Umang Gupta has a unique perspective on the network industry, having been at the forefront of the client/server application market as the founder of Gupta (now Centra Software Inc.) and now as CEO of Keynote Systems Inc., a company best known for its Web site performance and benchmark services. He spoke recently with Bob Brown about the future of Web-based applications and the Internet itself.
Q: What's your take on Web services?Long term, they are a logical way for the world to go for a large class of applications, especially consumer-facing applications, but even interorganizational ones. How close they are is a different matter. There is a class of Web services we know are coming from Microsoft - Passport is a classic example that's already here. How they emerge from everyone else has only partly to do with the technology. A lot of it has to do with the right business climate. The analogy I would use was the original introduction of Windows in the early '90s. People often wondered what applications would emerge under Windows to replace the old character-mode applications, and while the initial applications were the classic spreadsheets and word processors, today of course there are thousands of [graphical user interface]-based applications. The same level of unleashed creativity is going to determine how big Web services finally get. Once the general technology, standards and [software development kits] are available for people to build new classes of Web services, they will be everywhere.
Q: Is this going to come down to another Windows vs. Java battle?Ultimately it will end up being a form of a standards battle, but the bigger question is not Java vs. the Windows platform. The bigger question will wind up being desktops vs. devices.
Q: How so?
The desktop battle is over, and the winner is Windows regardless of what happens with the antitrust cases. Whatever Microsoft offers, whether it's [Internet Explorer] with or without Java, that's what's going to dominate on the desktop. But to the extent that desktops themselves over time will end up being replaced or augmented by other devices, the battle is far from over as to what platform software will sit on these devices. If it's a phone it could very well be based on Java, Microsoft or even Nokia stuff. If it's a PDA it could be a Windows platform. But Java could have a shot also. Web services ultimately will succeed because there's a class of things people want to do with devices that are much better done with Web services than with software sitting on their devices. Location services for wireless are a very logical Web service. So I don't think in that particular case it's necessarily going to favor Java or Windows. It'll depend on who's got the best devices and services.
Q: How will devices actually handle these potentially complex Web services?We went from a client/server world, which was largely a thick client and a thin server world, to the Internet world, which allows you to build around a thick server in thin client mode, even with diskless devices. With the next generation of devices and Web services, we'll be talking about thick clients and servers. On the server side, there will be a lot more intelligence needed to drive these Web services, but on the client side you're going to need some pretty smart software - browser software, device [user interface] software or what have you - that is capable of integrating data from multiple Web services and still presenting it logically to the client. These browsers themselves are going to have to get much smarter. . . .We're already seeing that with [Internet Explorer].

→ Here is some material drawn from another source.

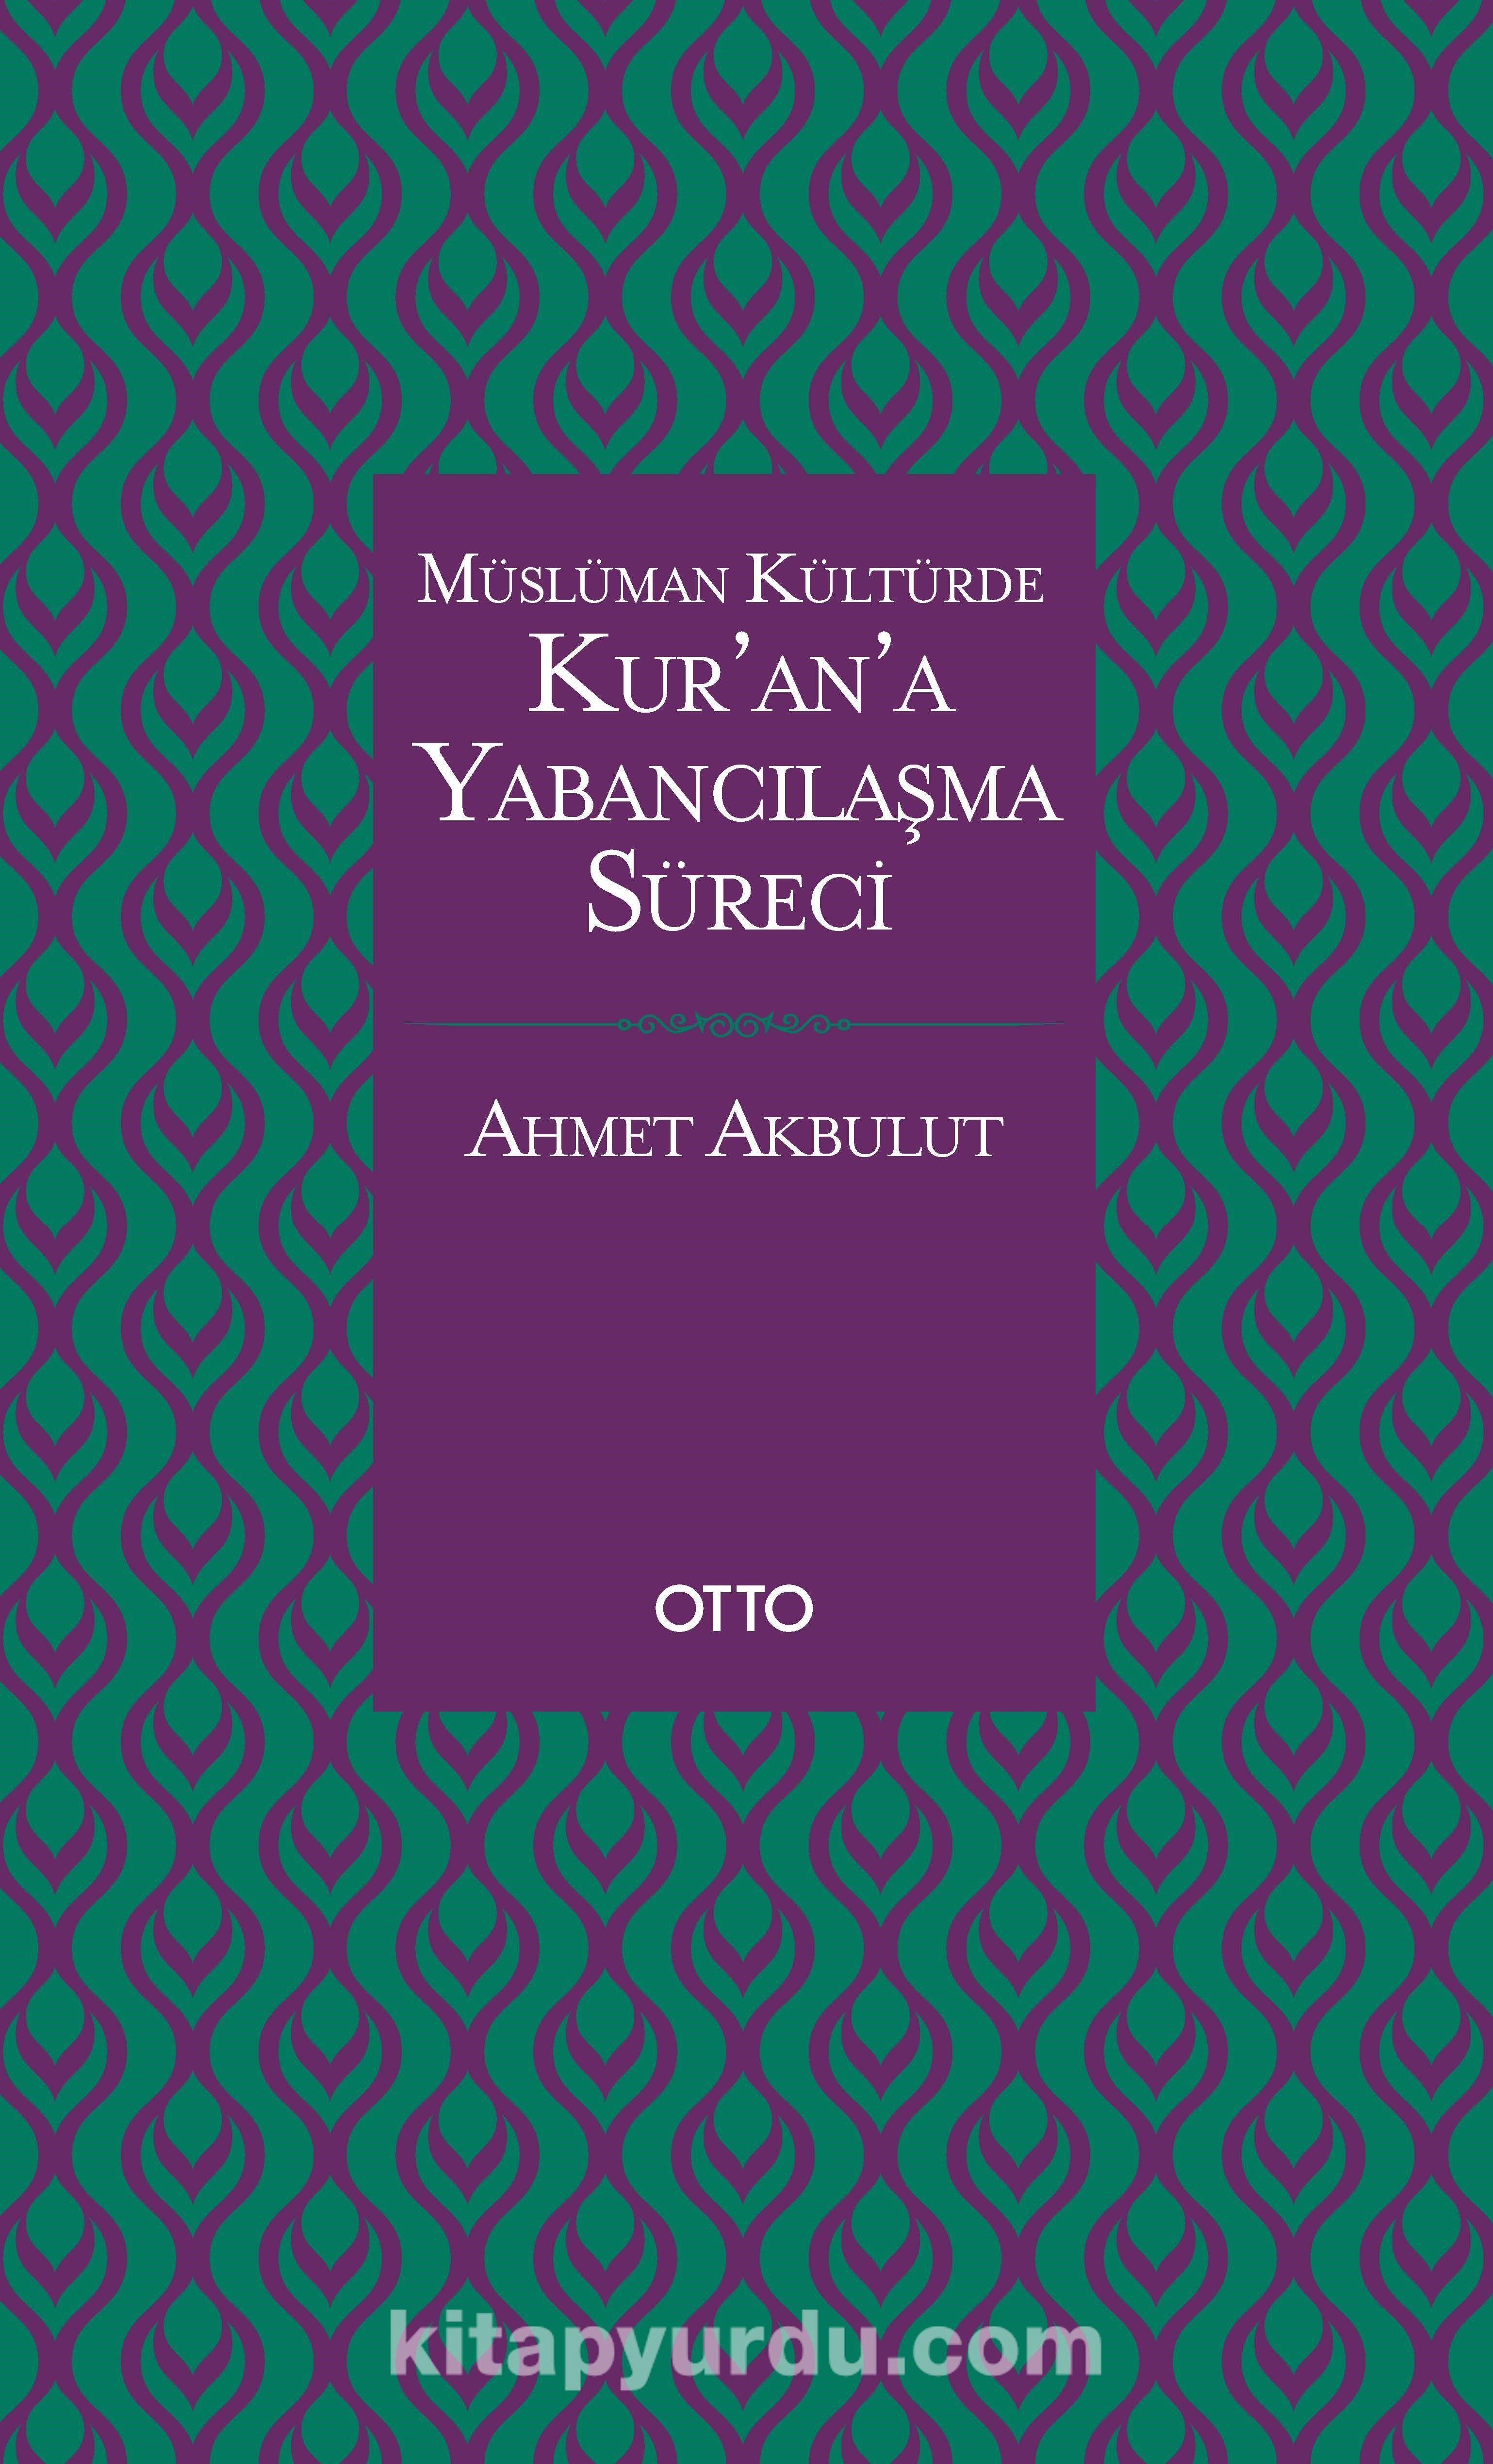 Kur'an'a Yabancılaşma Süreci (Karton Kapak) - Ahmet Akbulut pdf epub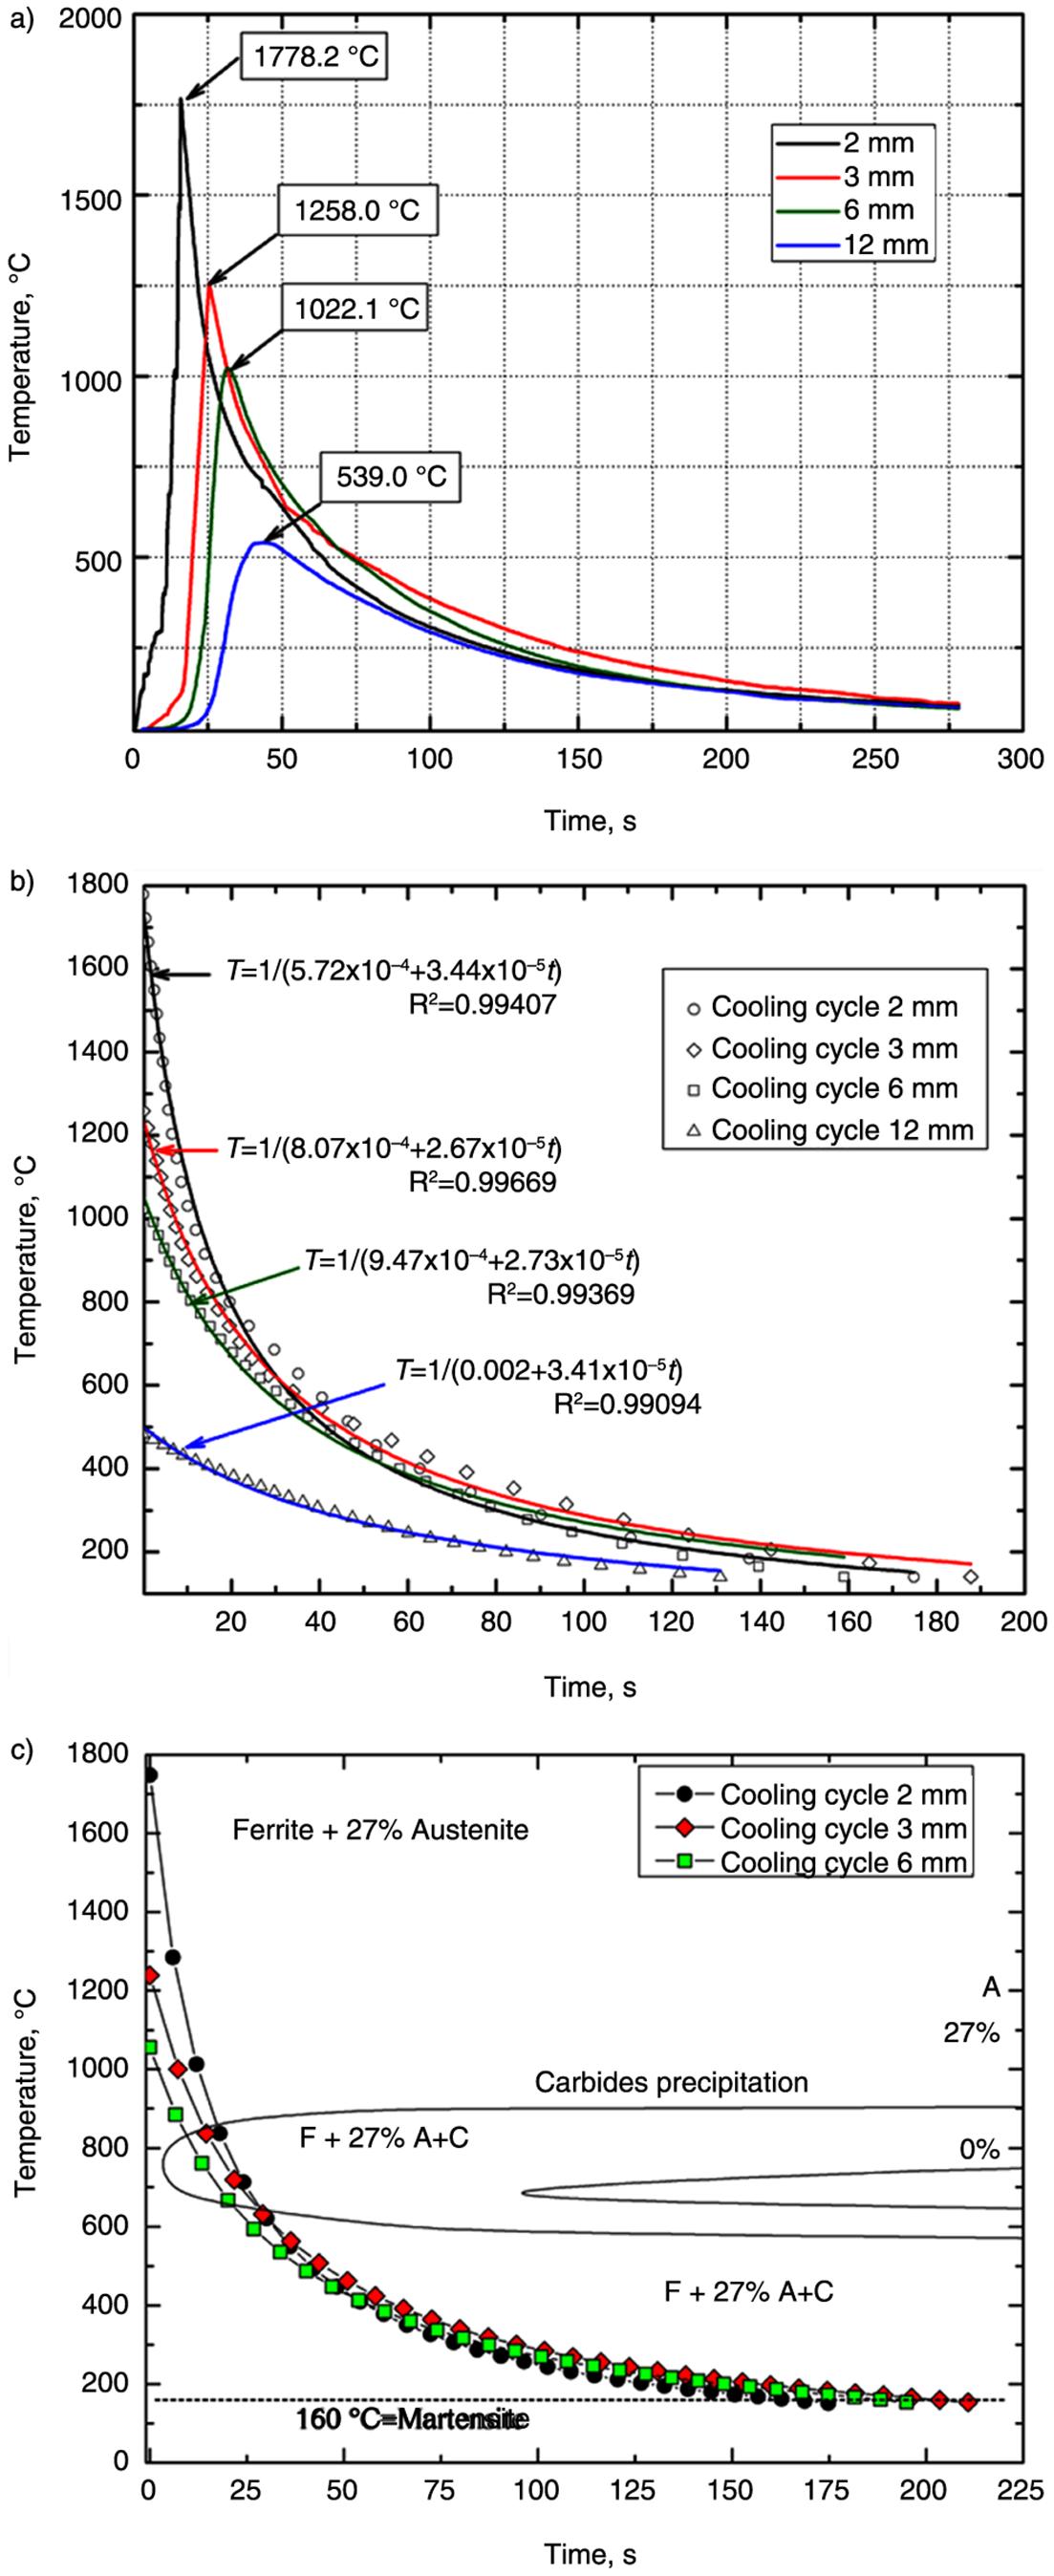 Welding Cct Diagram Wiring Generator Schematic Efecto Del Calor De Aporte Sobre La Transformacin Microestructural Of Weld Metal

Q: How should network executives prepare for Web services?Everybody's going to have to be making changes constantly. It's not going to be a one-time revolutionary thing. The big changes on the client side will end up coming from a vendor like Microsoft with a new version of its browser or device vendors that will integrate thicker browsers into their [user interface] software. On the server side, people will have to choose sides I suspect. If you're buying NT servers and standardizing on them, my guess is you'll wind up with a lot of Microsoft standard services. If on the other hand you're buying Solaris or IBM or any of the other platforms that are potentially more scalable, you may get a different class of Web services. All the discussion about all of these companies working together is encouraging, but the devil is in the detail. We've all heard the talk of cooperation on standards for Unix for many years and we know how many variations of Unix exist.
Q:What is affecting Internet or Web performance these days?At a high level, it usually comes down to one of two things. Either the application is not well-constructed or it's not well-connected. What we've found over the last few years is there was a large set of connection issues, so that you didn't even know if you had application construction problems. Four or five years ago, people were largely concerned with issues such as: Do I have the right bandwidth supplier or Web hosting supplier? Today, though, this is less an issue because customers are smarter about choosing the right vendors and because of the consolidation in the industry that has resulted in fewer but bigger and more reliable players offering these services. Now there are more issues emerging at the application level [and Keynote is evolving its product line to address such things as application-level performance and diagnostics].
Q: Are content delivery networks having much of a positive impact on Internet performance?In general they work well for static data. I'm not convinced, however, that's good enough. Most sites are 90 percent dynamic and 10 percent static, and over time they'll be 99 percent dynamic and 1 percent static .nQ: How indestructible is the Internet?I'm a firm believer and all our data would show that it's pretty indestructible. Ultimately, there are always some outages here and there. Even if something hit MAE East or MAE West [large Internet switching centers] I'm not sure it would make a significant difference for too long because first of all the Internet self routes. The Internet never falls apart, what happens is it simply starts to degrade in performance. All the data we've seen about performance whenever outages have occurred, on the East or West Coast or anywhere else, is that they're usually localized problems to some backbone or geographic location and they are limited in time.